Pesticides are among a variety of contributing factors to declining bee populations in North America. Wu-Smart says the results of this research further underline the importance of minimizing non-target exposure of pesticides such as neonicotinoids.

“This study illustrates a particular time in the season, during spring nesting, in which reproductive queen bees may be more vulnerable to neonicotinoid exposure. Therefore, mitigation actions should focus on reducing exposure risk during this time,” she says.

8 Comments »

  1. Are “mitigation actions to reduce exposure” really needed considering that bumblebees and other pollinators can be filmed in abundance along the perimeter margins of corn and soybean fields in Minnesota (where the researchers work) that were grown from neonic coated seeds? Example: https://youtu.be/qeC8-rnxenI

    • Just because pollinators are seen near a corn or soybean field doesn’t mean they are not being impacted by pesticide exposure in those areas. Determining what the effects may be is the role of the scientists, hence this research study.

  2. I live in Florida and grew up many moons ago in Michigan. thus my memories ae limited. u his question quickly occurred to me. What would a farmer be spraying with Imidacloprid in early spring?

    • Nothing is sprayed. There are various seed treatments some including Imidacloprid (most have a Neonicotinoid, not necessarily Imidacloprid)) which create the problem as the dust from the planting process moves to early blooming flowers like Dandelions. Bees collect the pollen and there you go.
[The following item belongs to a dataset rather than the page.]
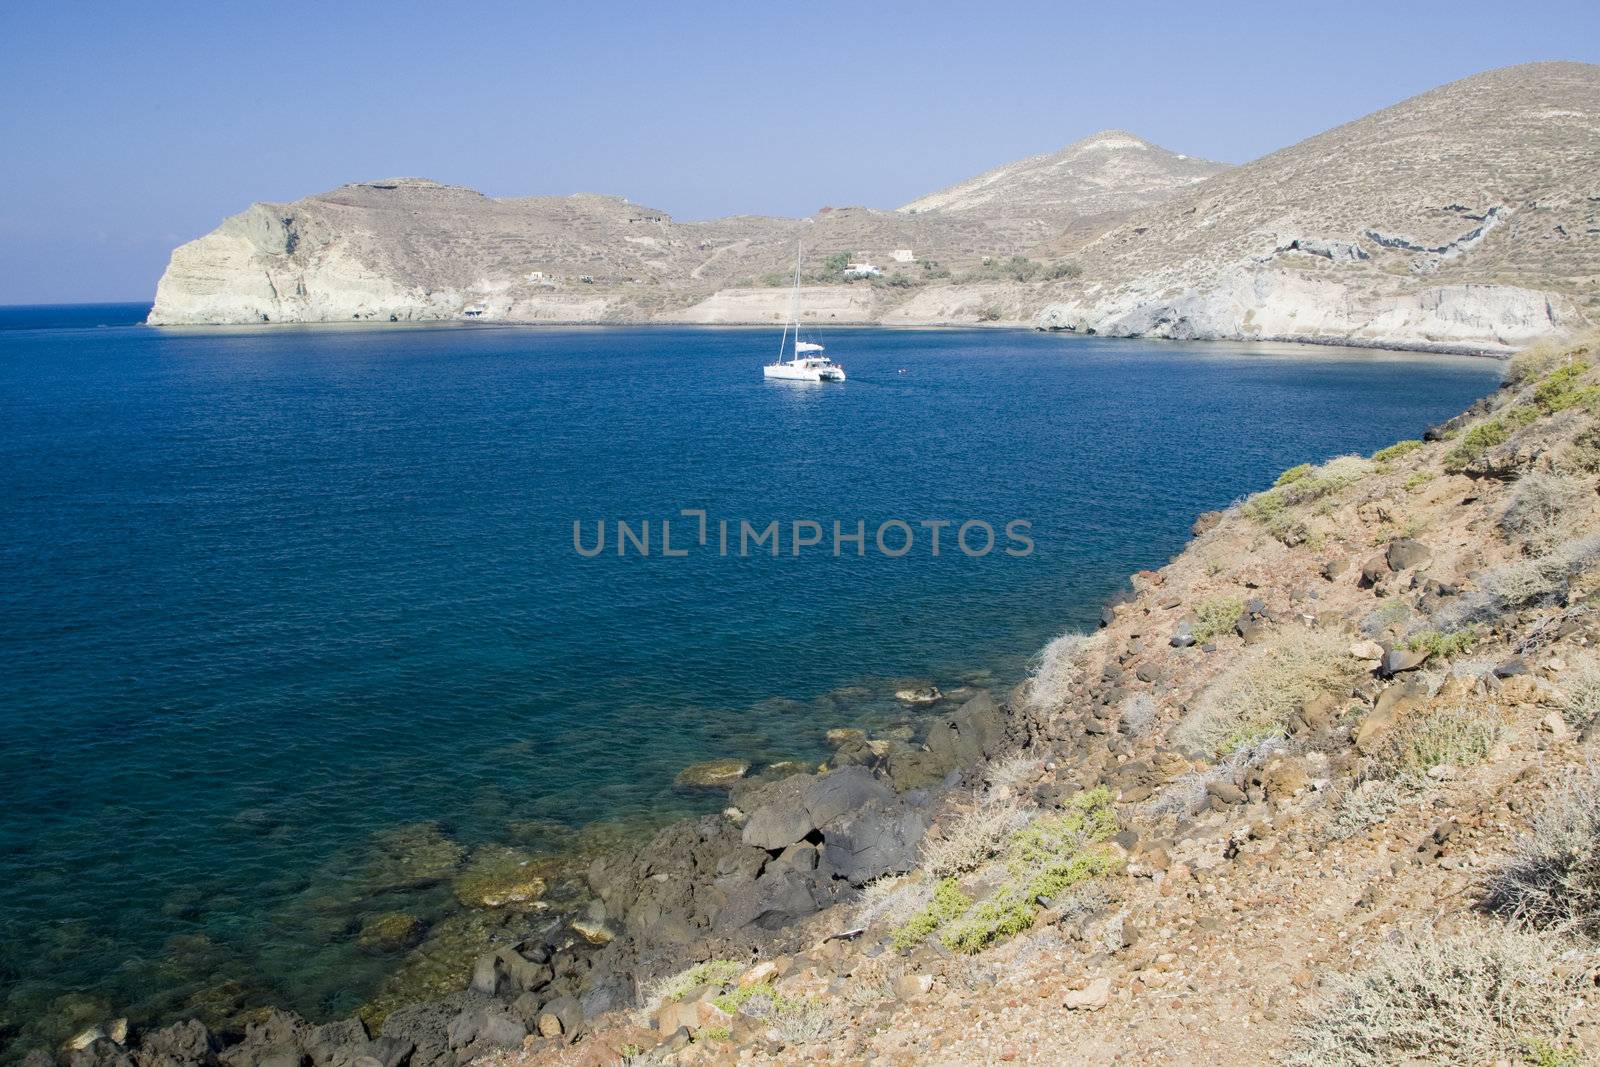 Santorini Island - summer holiday destination in Greece

  3. John, they are now using methods that create far less dust. plus there is almost nothing for the little dust now created to settle on that early. That is my point. They are not spraying.

    • Early spring blooming trees and shrubs (e.g. willow, maple, lilac) and herbaceous flowers like dandelion are critical forage for pollinators because there is little else to collect pollen and nectar from at that time. So the pesticide-laden dust that drifts and settles on them during the planting process is concerning from that standpoint alone (the little forage available may be contaminated). Plus, systemic insecticides may move through soil and water to nearby flowering vegetation, and come in contact with pollinators in that way.

      • “laden” I doubt it. They have reduced the dust produced. Until you have examples from real life that is speculation. The tiny amounts on seeds aren’t real likely to move laterally. Remember that early flowering stuff isn’t in the fields and gravity pulls stuff down. not sideways.